Sales are measured hourly, daily, and monthly - and rankings are
determined by even the amount of time BETWEEN sales. Books in
the top 5,000 keep their rankings very consistent - and Amazon
enforces some "averaging" of sales to keep your book
from jumping up to number one just because you got all your relatives
in New Jersey to buy a copy at exactly noon on Tuesday (but, do
it if you can...for about 30 minutes you'll have the most incredible
ranking!)
Changes in your Amazon sales rank
is a great measure of the success of your marketing efforts -
hopefully a nice bump upwards in rank corresponds to a book promotion
or event. These are usually temporary, as it is consistent an
concerted effort to move the sales rank significantly. A general
rule of thumb (first proposed by Morris Leventhal of FonerBooks)
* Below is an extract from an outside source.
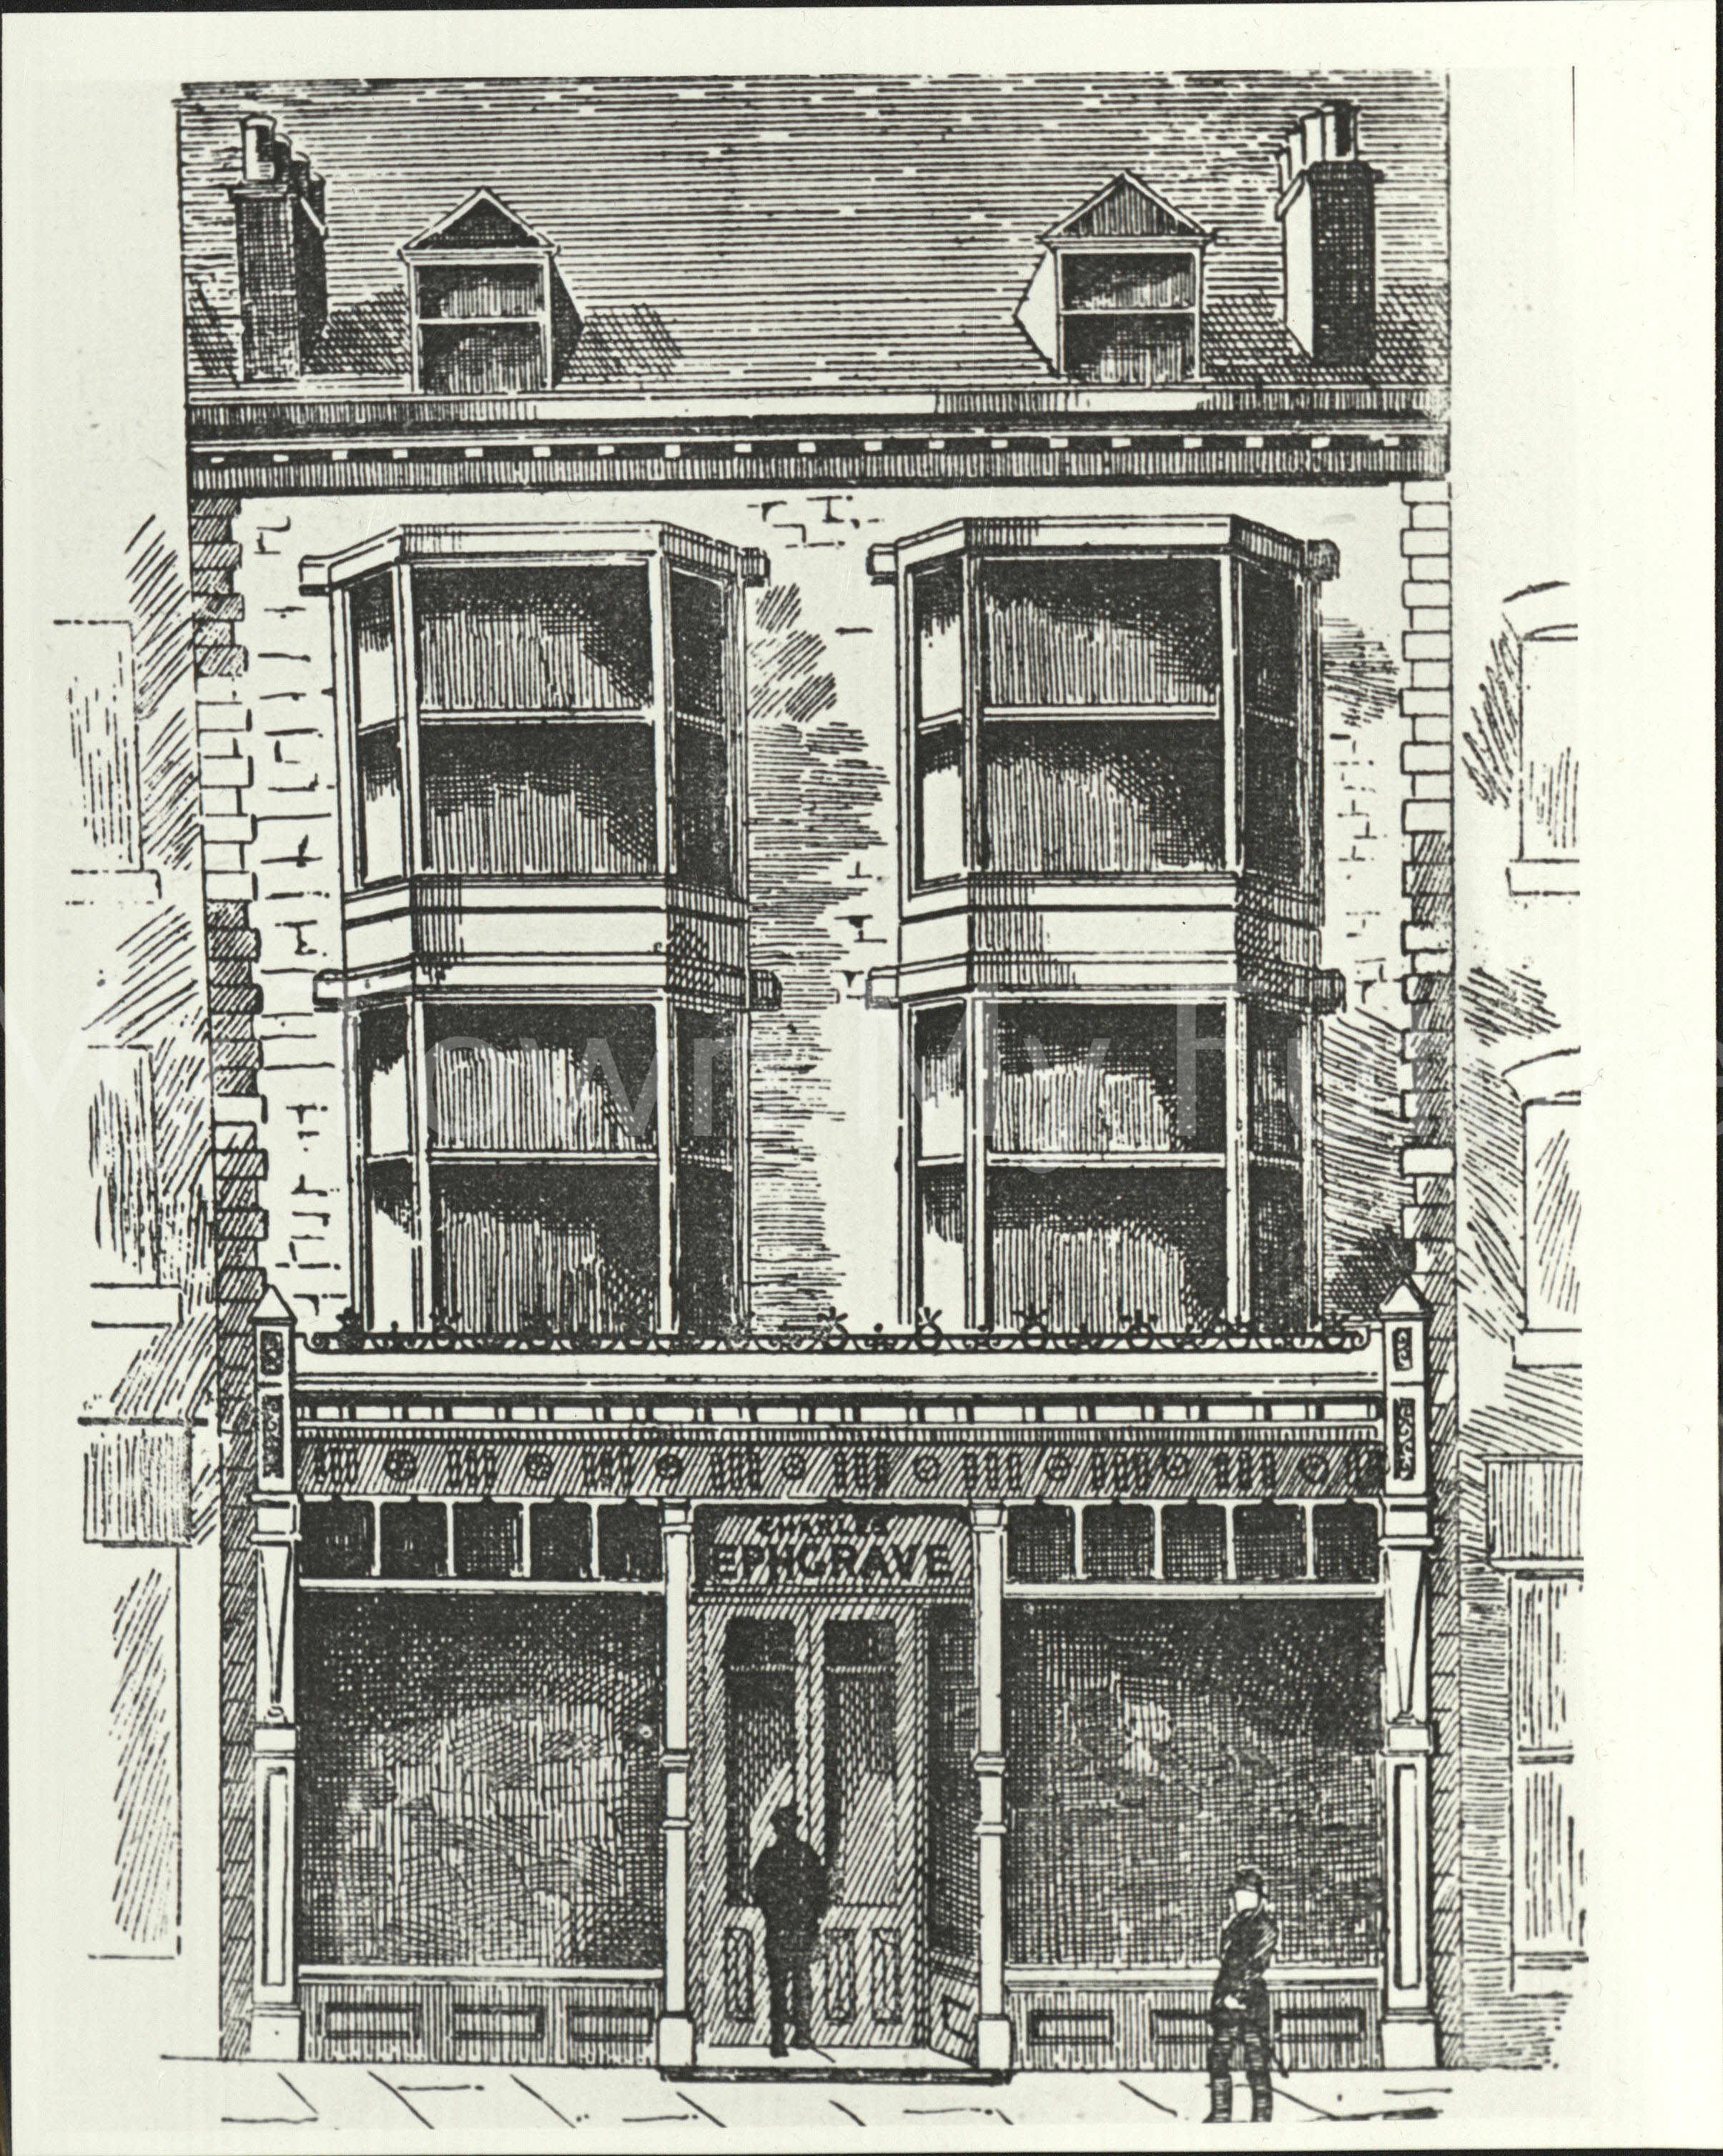 Charles Ephgrave Linthorpe Road, 1889

is to note your rank twice a week for four weeks, then divide
by 8. This will show your "average" Amazon sales
rank. Checking any more than that is really meaningless,
since these ranks can change on an hourly basis. You'll find that
titles that sit within the top 5,000 do not usually fluctuate
by more than 20% (and Amazon is trying to contain even this level
of fluctuation). Titles in the 10-20,000 range may jump or drop
by as much 50 or 60%. Titles under the 50,000 mark will swing
wildly.
Amazon Sales Rank - the "numbers"
So - what does all this mean? How MANY books
am I selling?
Well, that's a tough question, but here's some
very general numbers based on average Amazon sales rank
for our Dog
Ear Publishing titles listed on Amazon.com (updated March
2008):
Rank Weekly
Sales
1,000
90 copies
10,000
60 copies
100,000 16
copies
300,000
12 copies
500,000 1
copy
1,000,000 1
copy per month
Now, this isn't going to hold true all year
long on a unit basis - sale rates change per season - but it will
hold in the RELATIONSHIP between sales ranks.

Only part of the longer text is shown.